▸ Task: Retype every line from the one containing "Longing for the" through the last line of the records below, both included; leave out the pictures.

Records excerpted from a collection
....
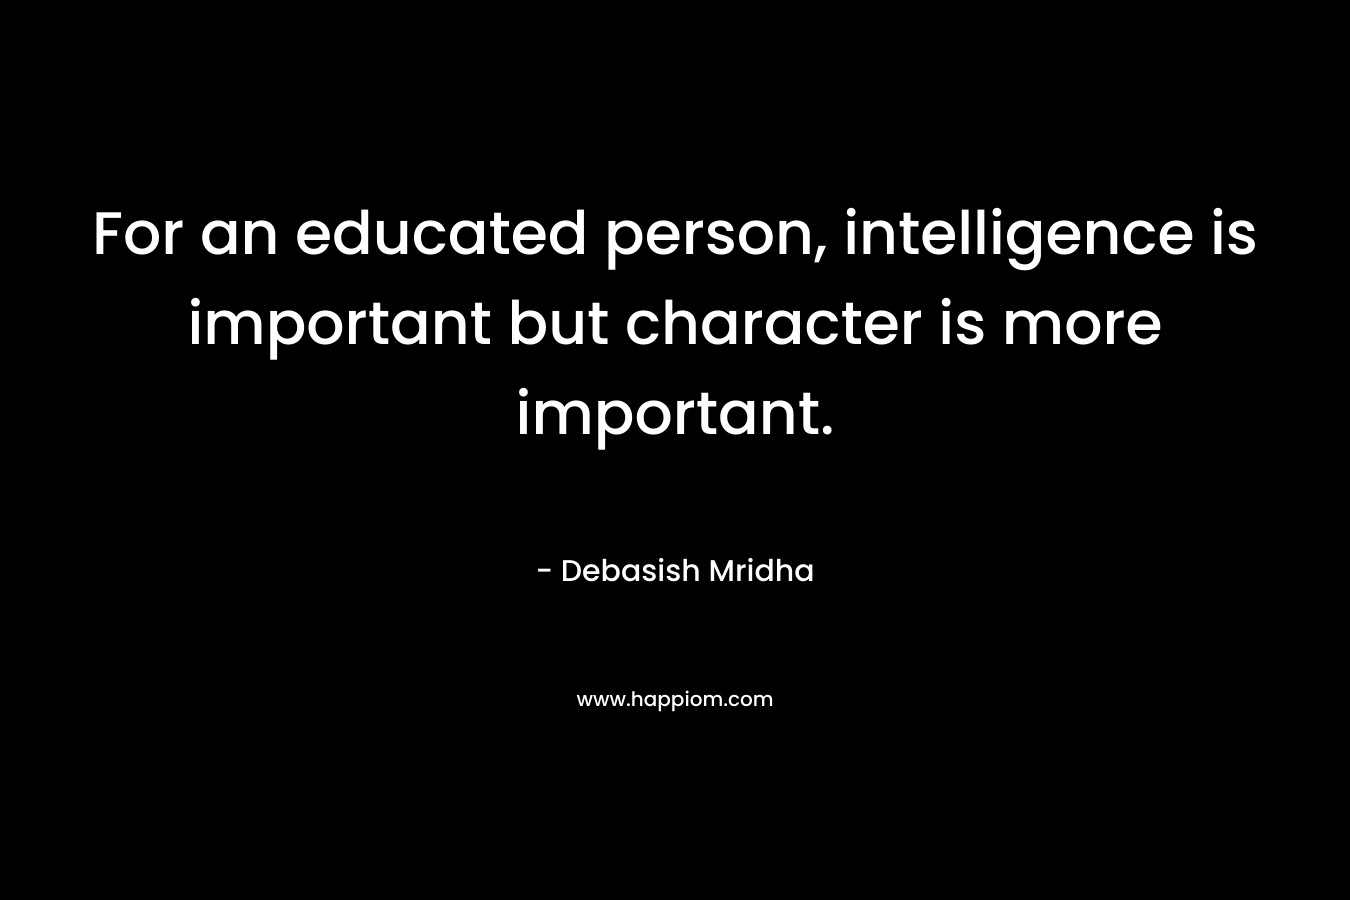 For an educated person, intelligence is important but character is more important. – Debasish Mridha
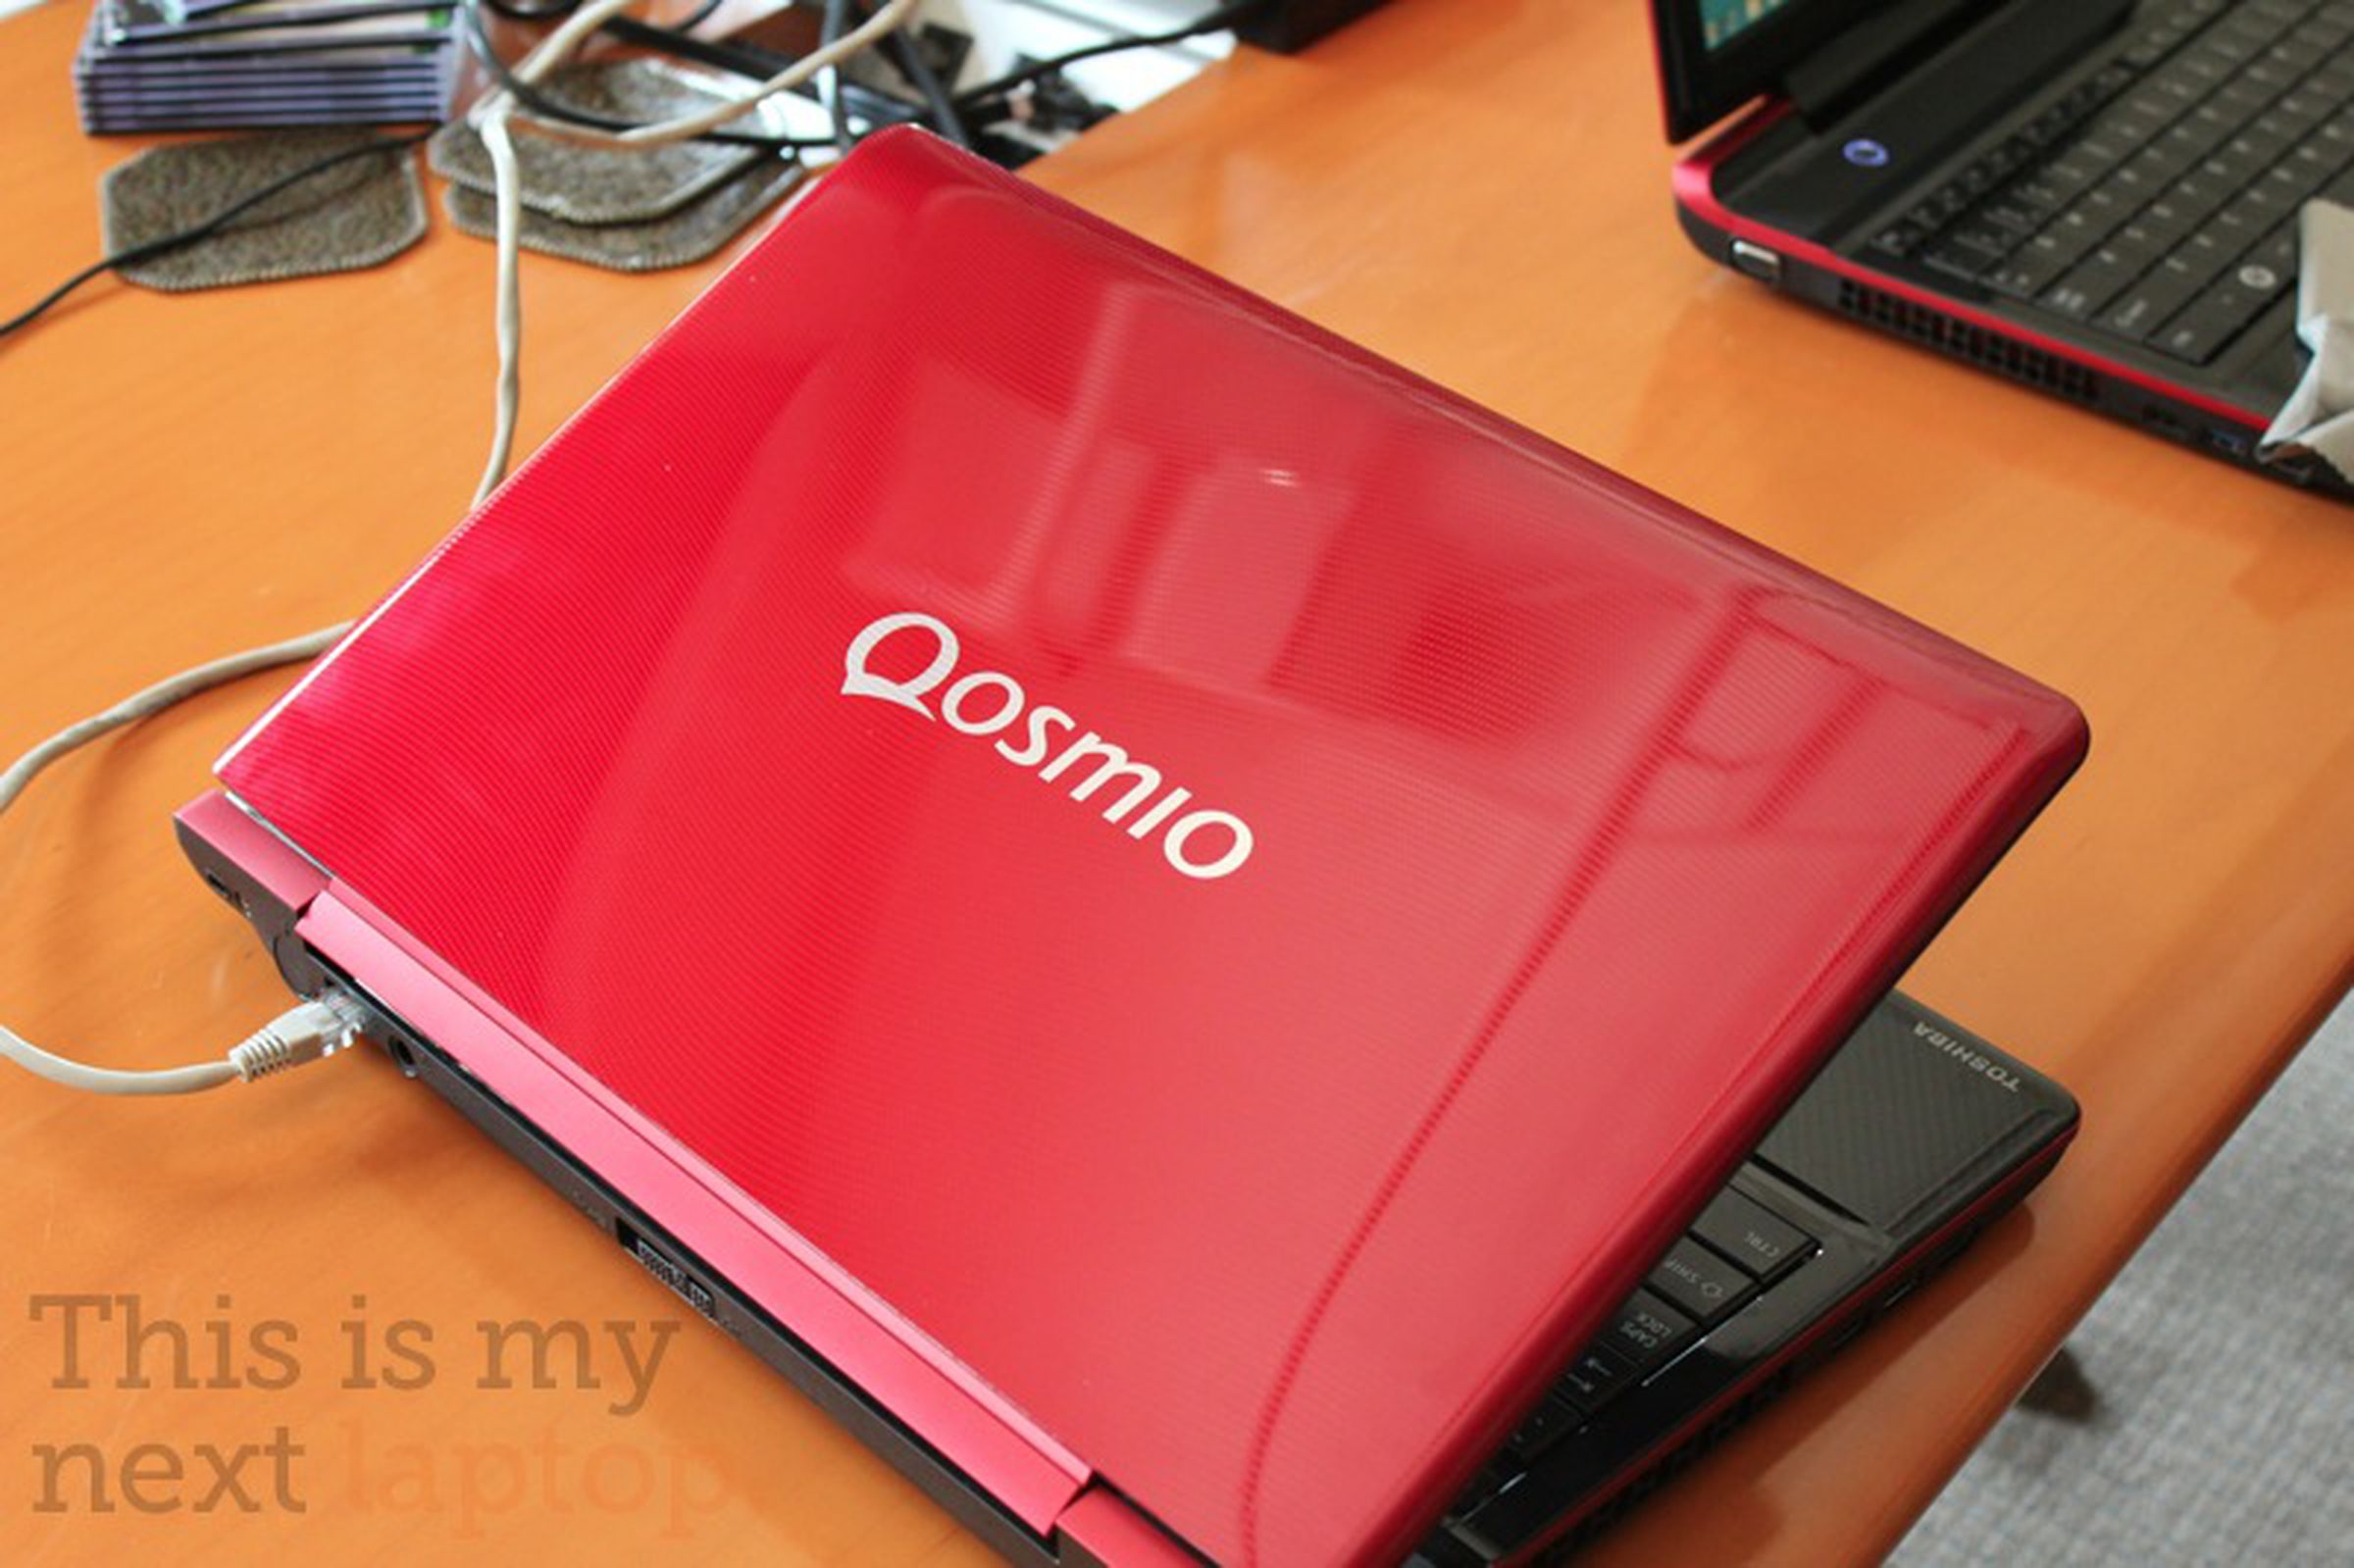 Toshiba’s glasses-free 3D Qosmio F755 arrives August 16th for $1,699 sans gaming support
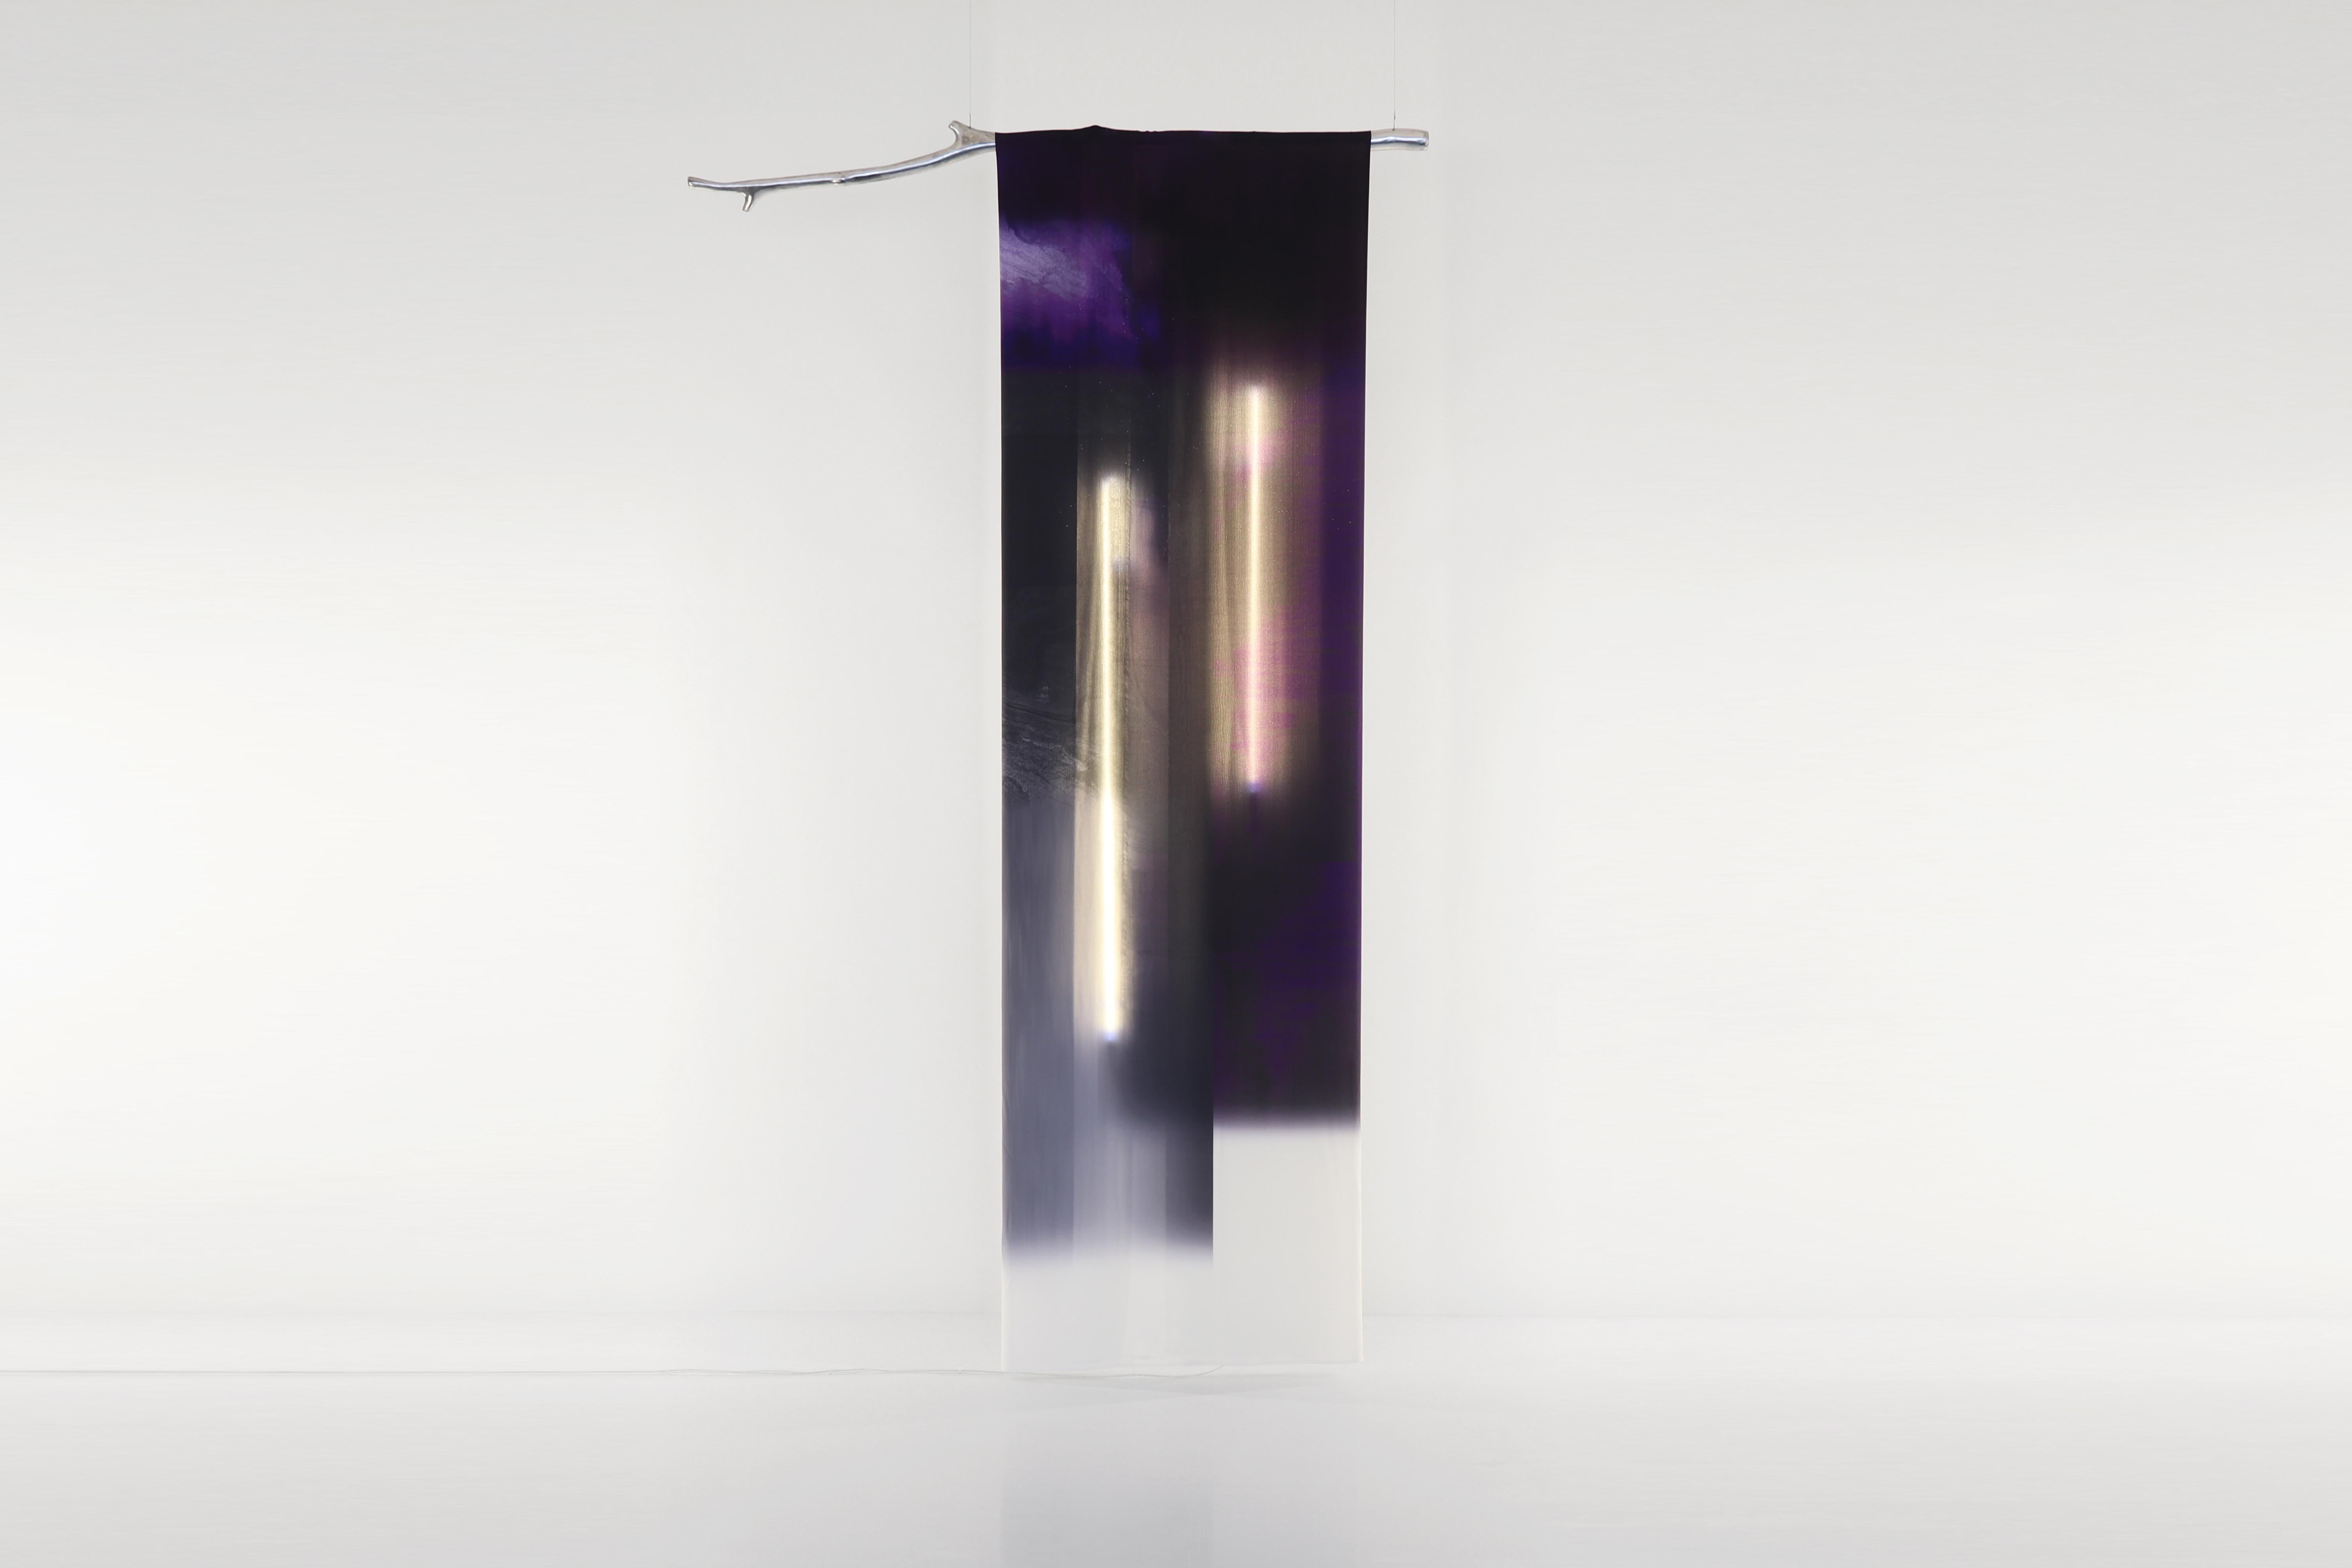 Longing for the Space Between Stars Purple Fabric Light by Batten and Kamp
Dimensions: D70 x H100 cm
Materials: Digital print on silk, Cast aluminium, hand-crafted neon light, electrics.

All our lamps can be wired according to each country. If
....
▸ Task response:
 Longing for the Space Between Stars Purple Fabric Light by Batten and Kamp
Dimensions: D70 x H100 cm
Materials: Digital print on silk, Cast aluminium, hand-crafted neon light, electrics.

All our lamps can be wired according to each country. If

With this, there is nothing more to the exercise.